Meta’s latest foray into AI image generation is a quick one. The company introduced its new “3D Gen” model on Tuesday, a “state-of-the-art, fast pipeline” for transforming input text into high-fidelity 3D images that can output them in under a minute. What’s more, the system is reportedly able to apply new textures and skins to both generated and artist-produced images using text prompts.
According to research from the Meta Gen AI team, 3D Gen offers high-resolution textures and material maps, supporting physically-based rendering (PBR) and generative re-texturing capabilities. The team estimates an average inference time of just 30 seconds for creating the initial 3D model using Meta’s 3D AssetGen model.
Users can then refine the existing model texture or replace it with a new one, both via text prompts, using Meta 3D TextureGen. This process takes an additional 20 seconds of inference time. “By combining their strengths,” the team wrote in its study abstract, “3DGen represents 3D objects simultaneously in three ways: in view space, in volumetric space, and in UV (or texture) space.”
Meta compared its 3D Gen model against industry baselines, assessing factors like text prompt fidelity, visual quality, texture details, and artifacts. The integrated two-stage process, combining the functions of both models, generated images that were favored by annotators over single-stage counterparts 68% of the time.

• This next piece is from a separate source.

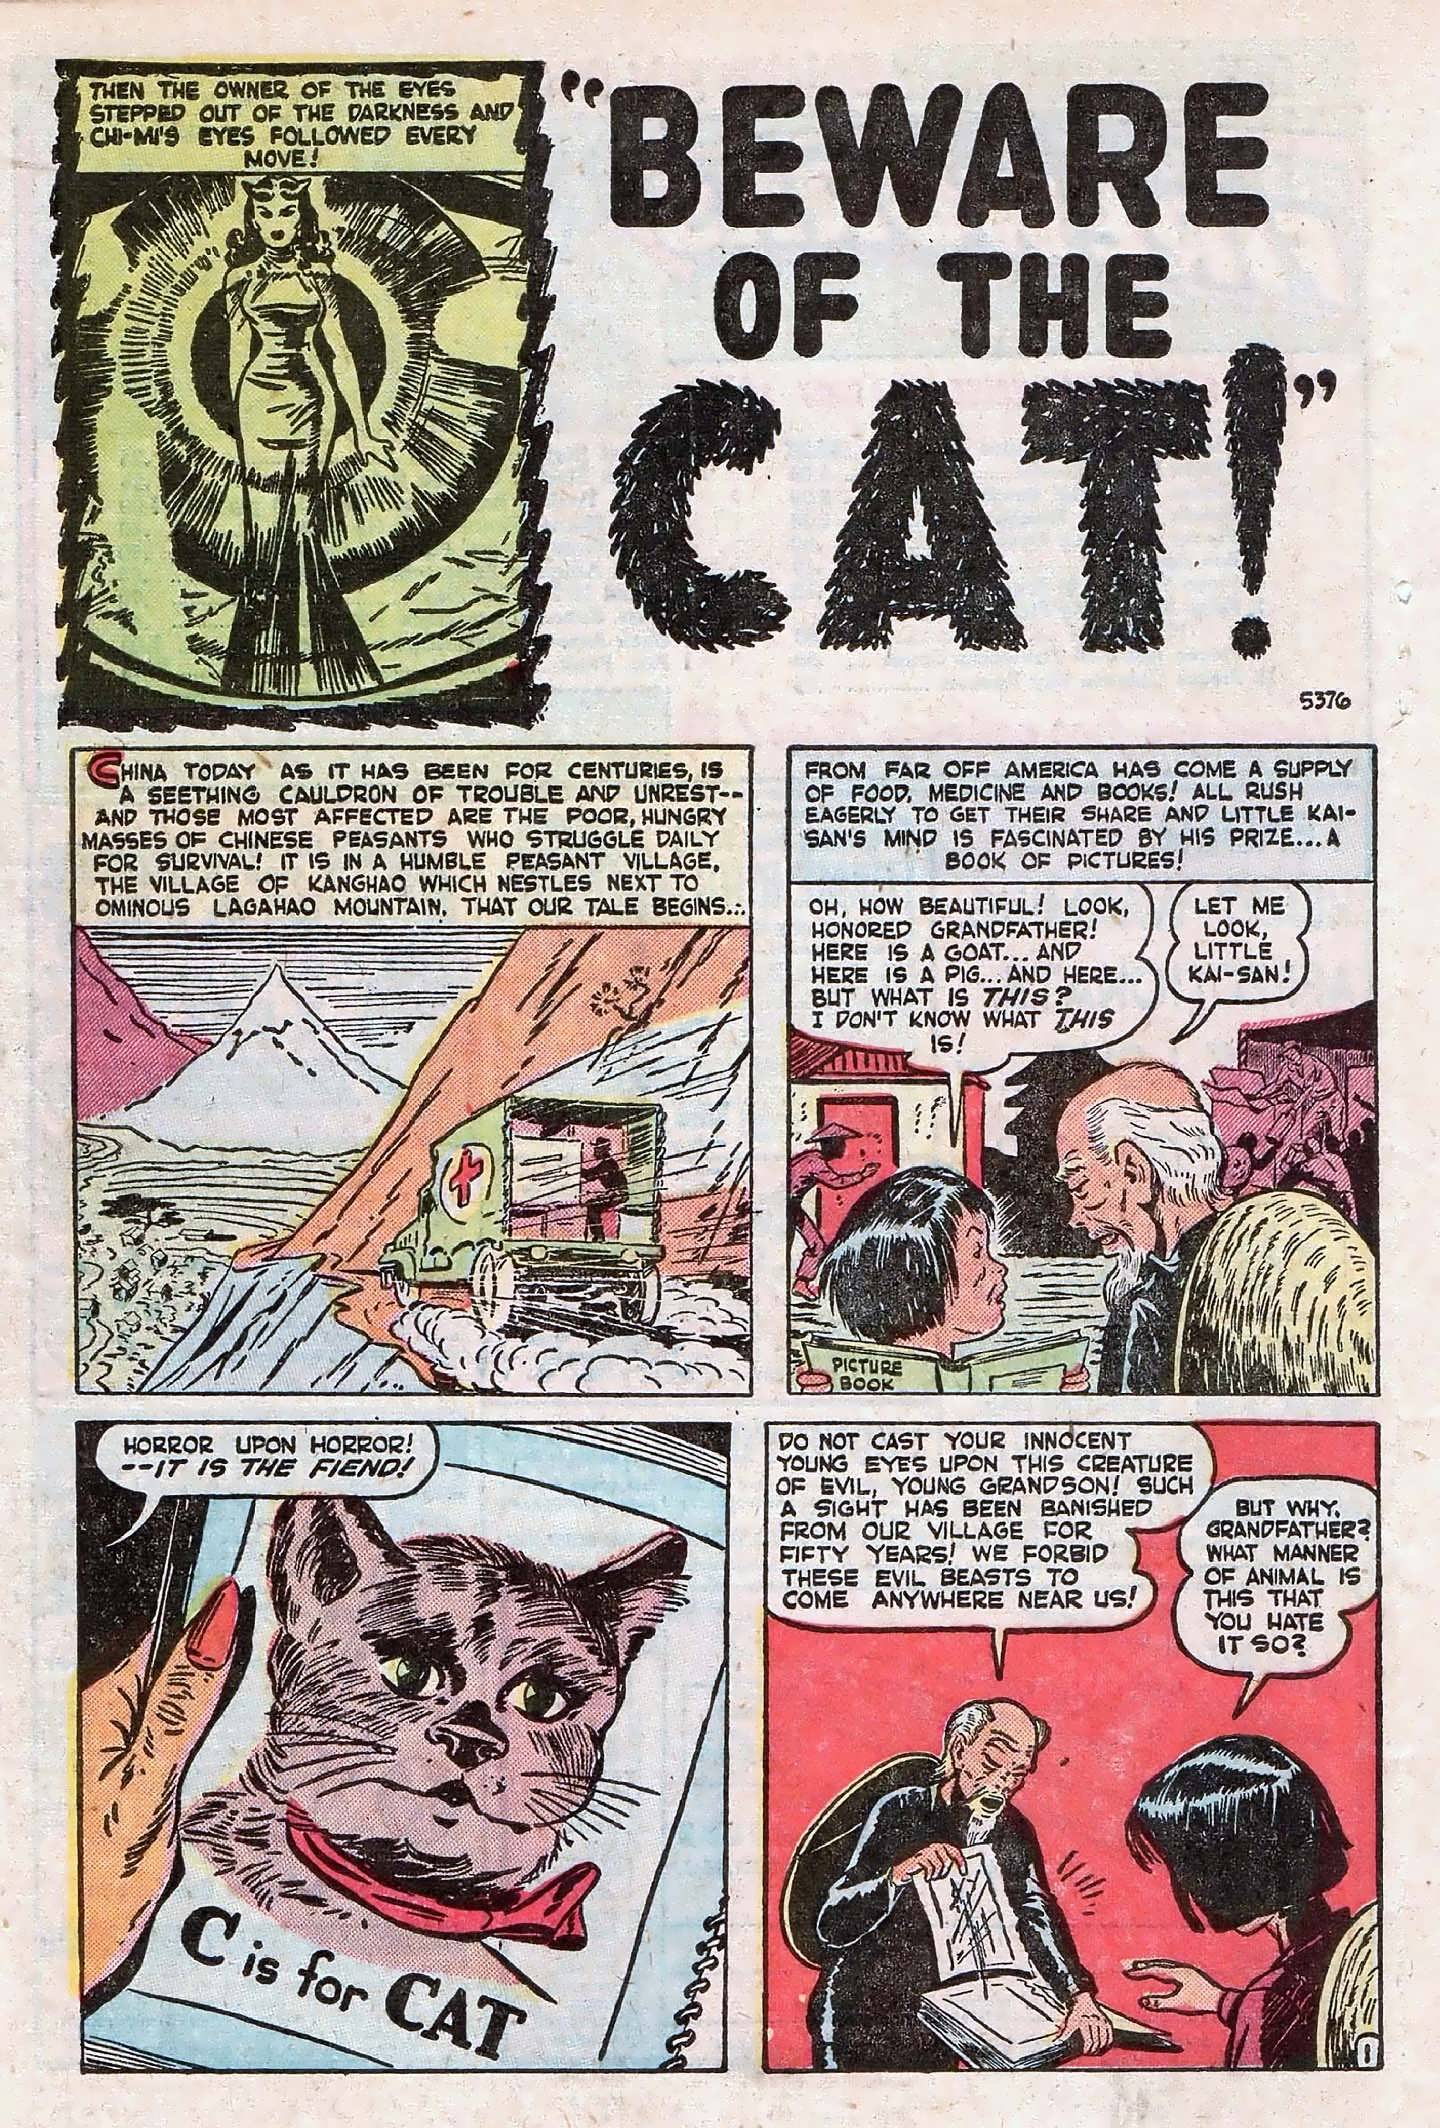 Marvel Tales (1949) 93 Page 31

While the system is still under development and not yet available to the public, the technical advances demonstrated in this study have the potential to transform creative fields like game and film effects, and VR applications. By allowing users to create and edit 3D-generated content quickly and intuitively, the barrier to entry for such pursuits could be significantly lowered. The impact on game development, for instance, could be substantial.